═══ DATASET EXTRACT

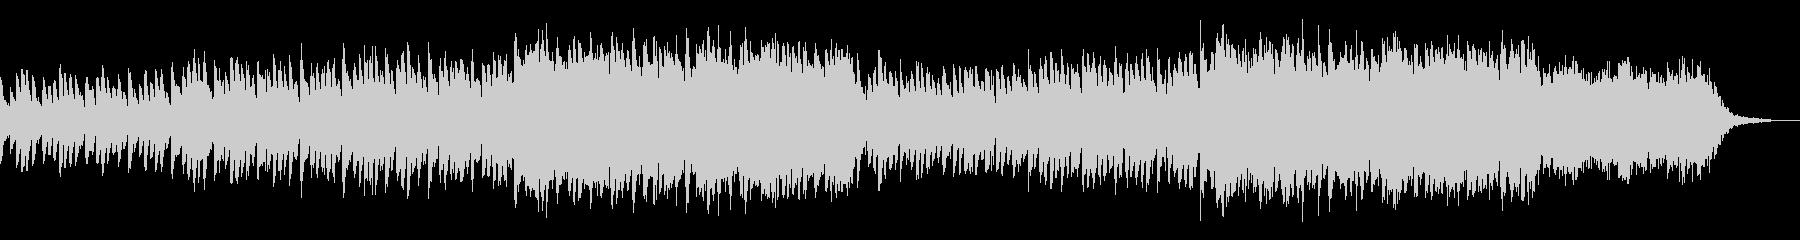 イージーリスニング系BGMの未再生の波形
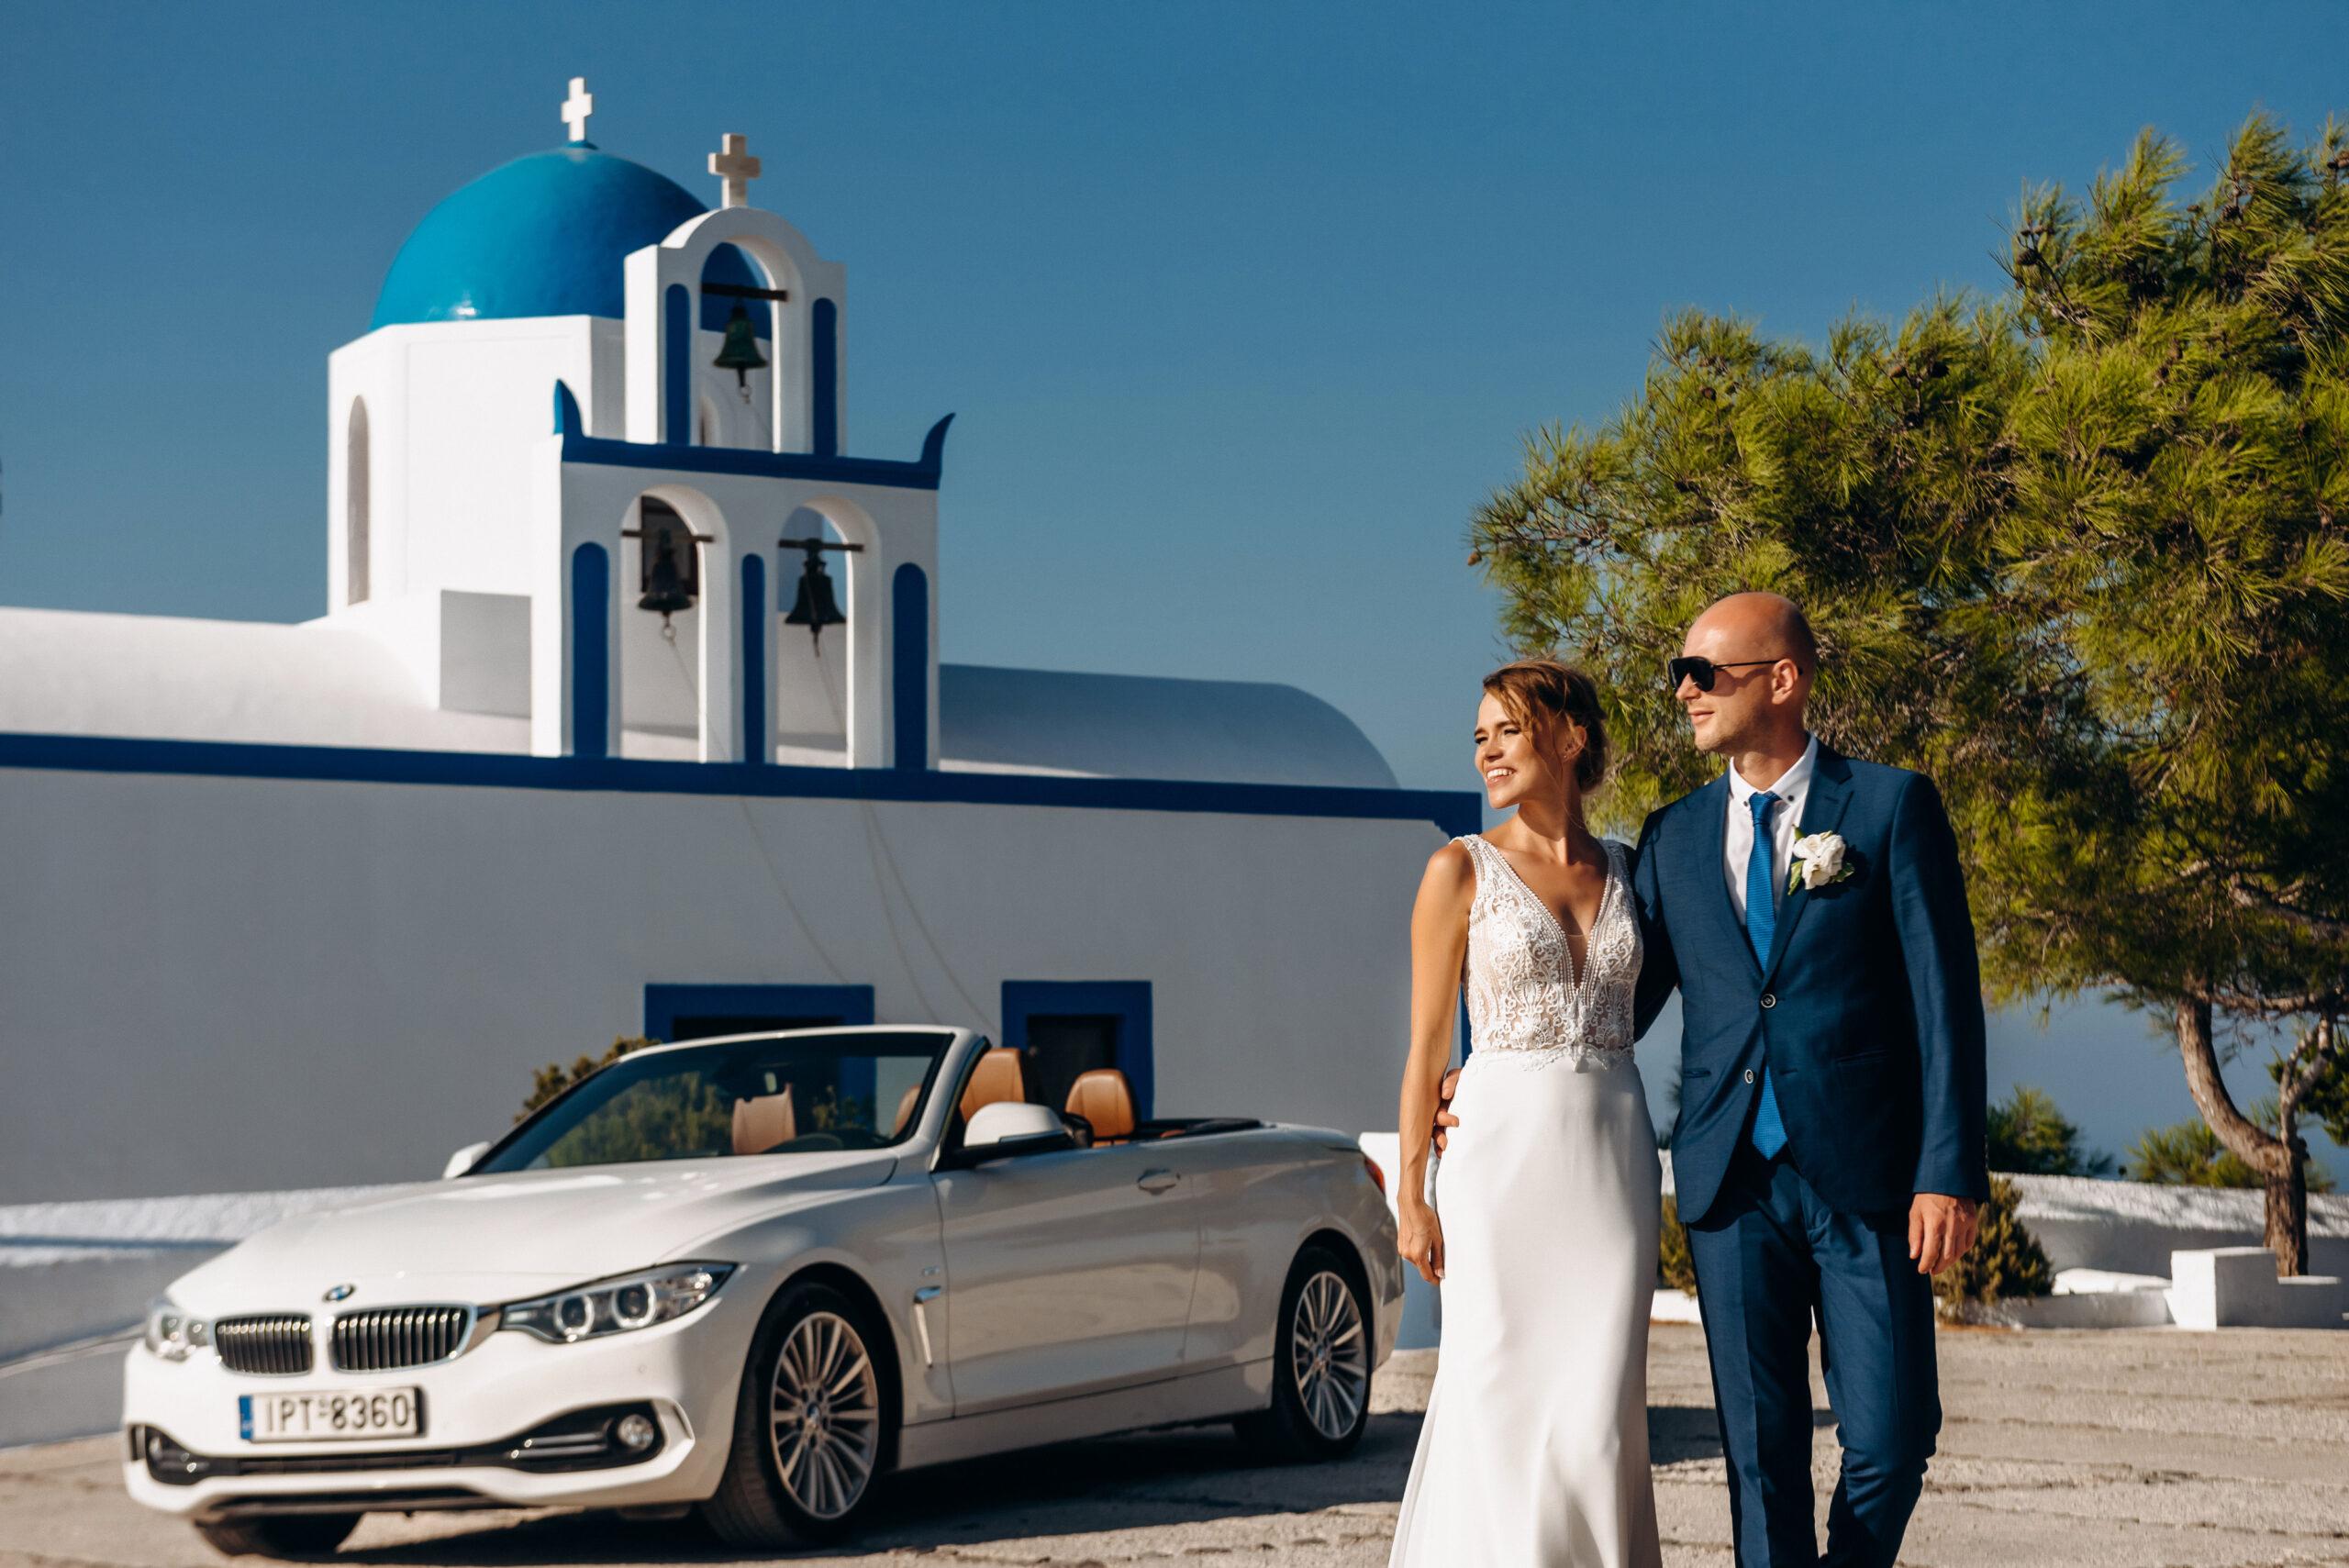 Аренда автомобилей: свадьба на санторини, свадебное агентство Julia Veselova - Фото 5
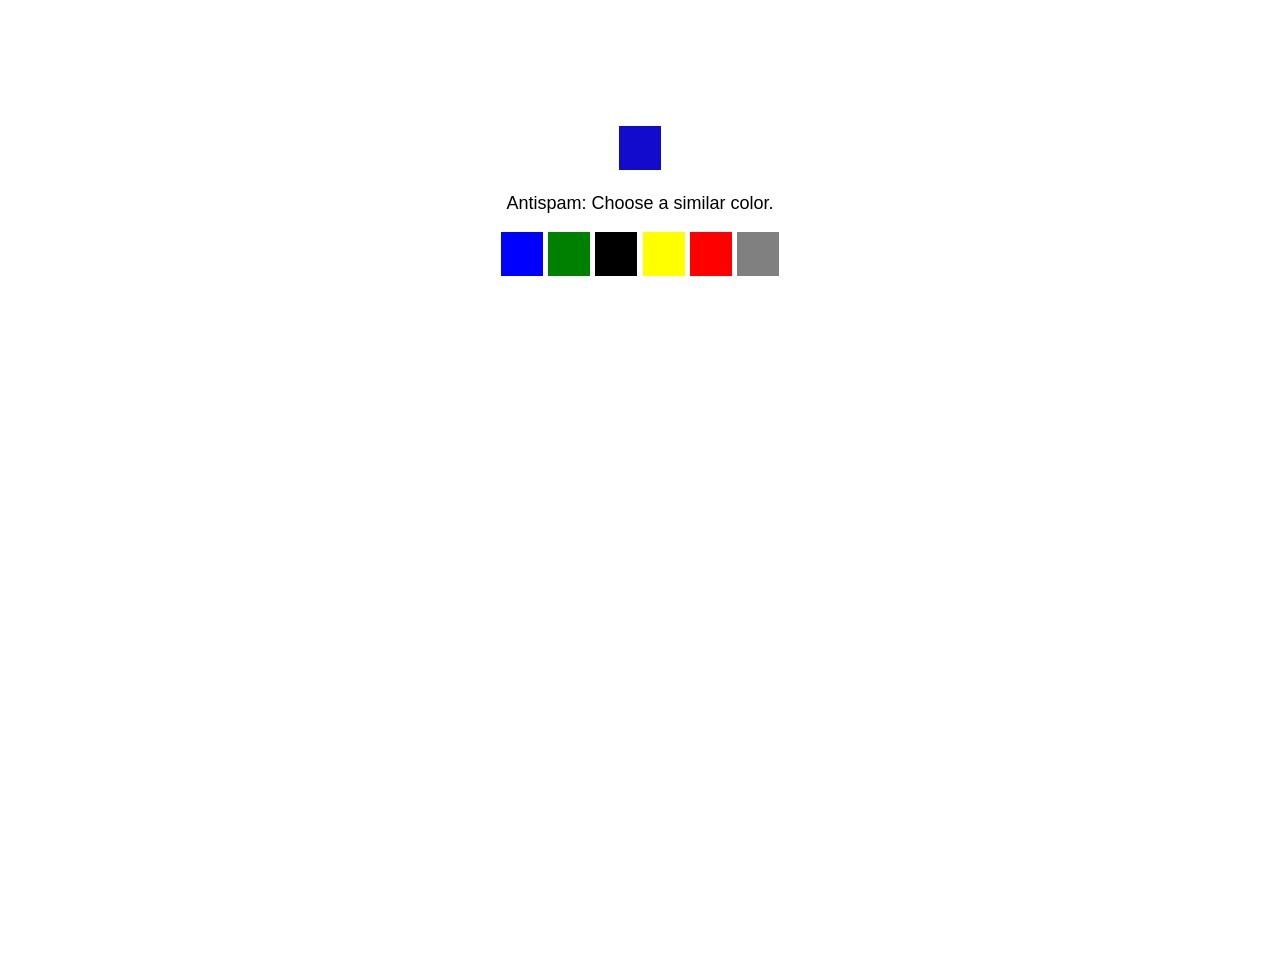 Mddm online dating

══════

### TASK PROMPT
When you write out the material above, keep every line exact and drop each picture.

### OUTPUT OF THE EXERCISE
 イージーリスニング系BGMの未再生の波形
 Аренда автомобилей: свадьба на санторини, свадебное агентство Julia Veselova - Фото 5
 Mddm online dating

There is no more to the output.